Chronicle Of A Death Foretold By Gabriel Garcia Marquez

‘Chronicle of a Death Foretold’ is about the events which happen in a small town. A young man, Santiago Nasar, is murdered one day morning. The story recounts how and why that happened. Angela Vicario is engaged to marry Bayardo San Roman. They get married and on their wedding night Bayardo discovers that Angela is not a virgin. He takes her back to her parents’ home and abandons her there. Angela’s brothers beat her up and ask her to reveal the identity of the man who deflowered her. She says that it is Santiago Nasar. Santiago Nasar is a young man who lives in the town and no one has seen him and Angela together. So it is not clear whether Angela is telling the truth. But her brothers believe her. They decide to kill Santiago, which according to the culture of that town, will restore Angela’s lost honour. The rest of the book is about how this happens.

 

The story is told by an unnamed narrator, who seems to resemble the author Marquez himself (the narrator mentions his aunt Wenefrida Marquez in the last page), which makes us think whether this was a real story which happened in Marquez’ town when he was younger, or whether this is a fictional story in which the author is the narrator or whether the narrator is fictional and it is pure coincidence that his second name and that of the author’s are the same. The story is narrated twenty years after the events in it happened and the narrator tries to piece together the events and discover the truth by talking to different people. Different people whom the narrator talks to, describe the events from their own perspectives.
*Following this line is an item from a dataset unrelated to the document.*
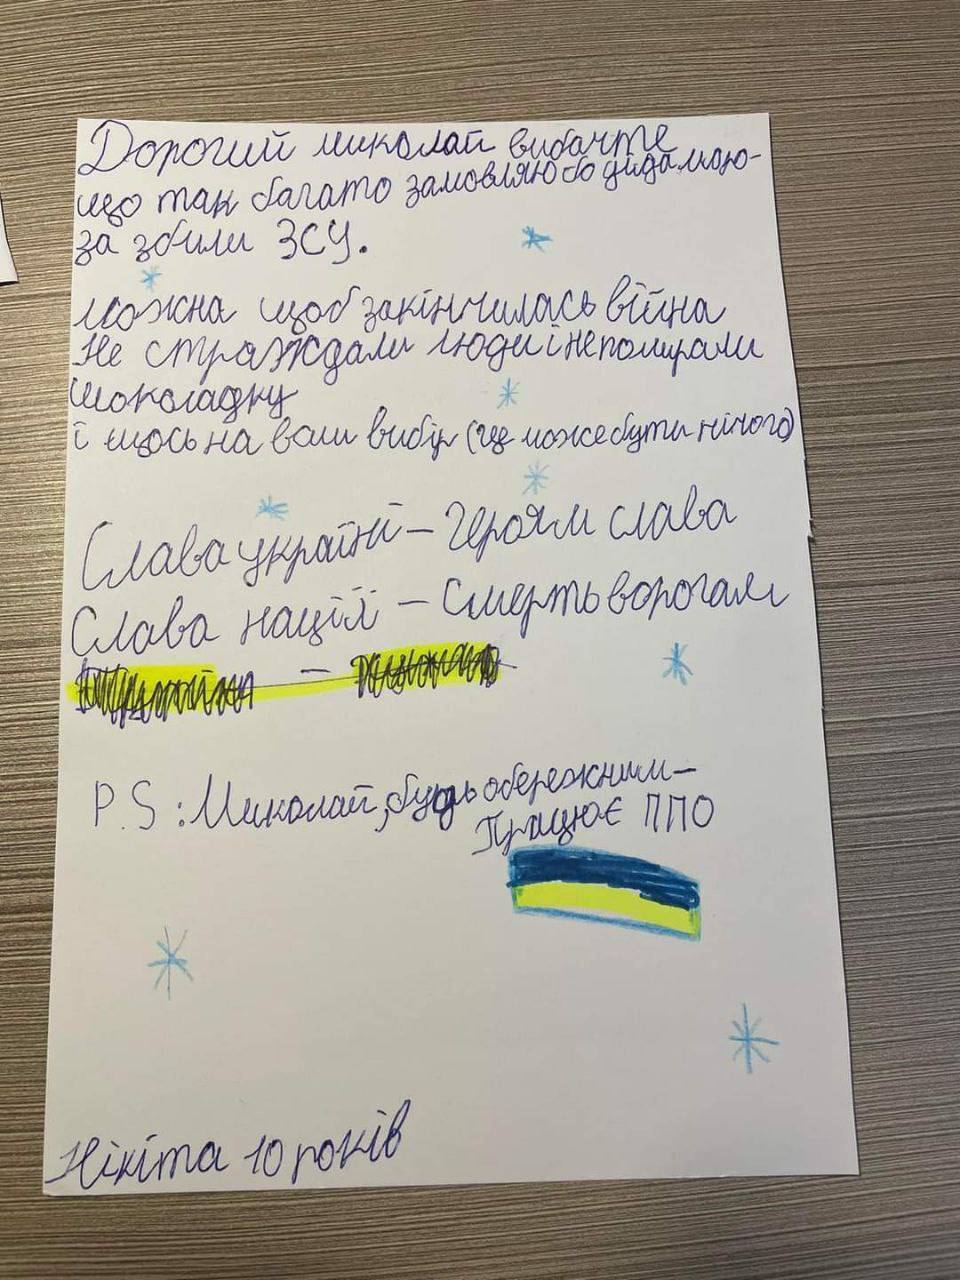 Українські діти просять у Святого Миколая перемоги для України

It is not clear till the end whether Angela’s accusation against Santiago is true. I was hoping that the author would introduce a twist into the tale and would blow my mind by revealing that the narrator was the real perpetrator of the ‘crime’, hence turning him into an unreliable narrator (What will the poor writers do when readers like me use their feverish imagination and keep demanding stuff like this? J) But it was not to be. The truth is not revealed till the end.

 

I had mixed feelings about this book. Many readers would find the honour killing part of the book quite repulsive, with good reasons. Eventhough it was unpleasant, I didn’t have a problem with that, because such things keep happening even today and though reading about it makes me angry and indignant, I also feel that Marquez was just describing something which happened or which was in vogue in his country. But I was hoping that because the book was highly rated, there would be beautiful sentences, passages with deep insights, and something magical in the book. I read a Jorge Luis Borges story called ‘The Other’ sometime back and it gave me goose bumps and my heart was glowing with pleasure that when I went to bed that night I was thinking about it and couldn’t sleep for a long time. I was hoping and expecting that Marquez would do that to me – make me lose sleep, because my heart was glowing with happiness – but unfortunately, the book didn’t do that. It was a straightforward narration of events with nothing special. In a sense, it was a disappointment, but that was probably because of my own high expectations. I hope to give Marquez another try again in the future without any expectation and see whether the next book works for me.

 

Have you read ‘Chronicle of a Death Foretold’? What do you think about it?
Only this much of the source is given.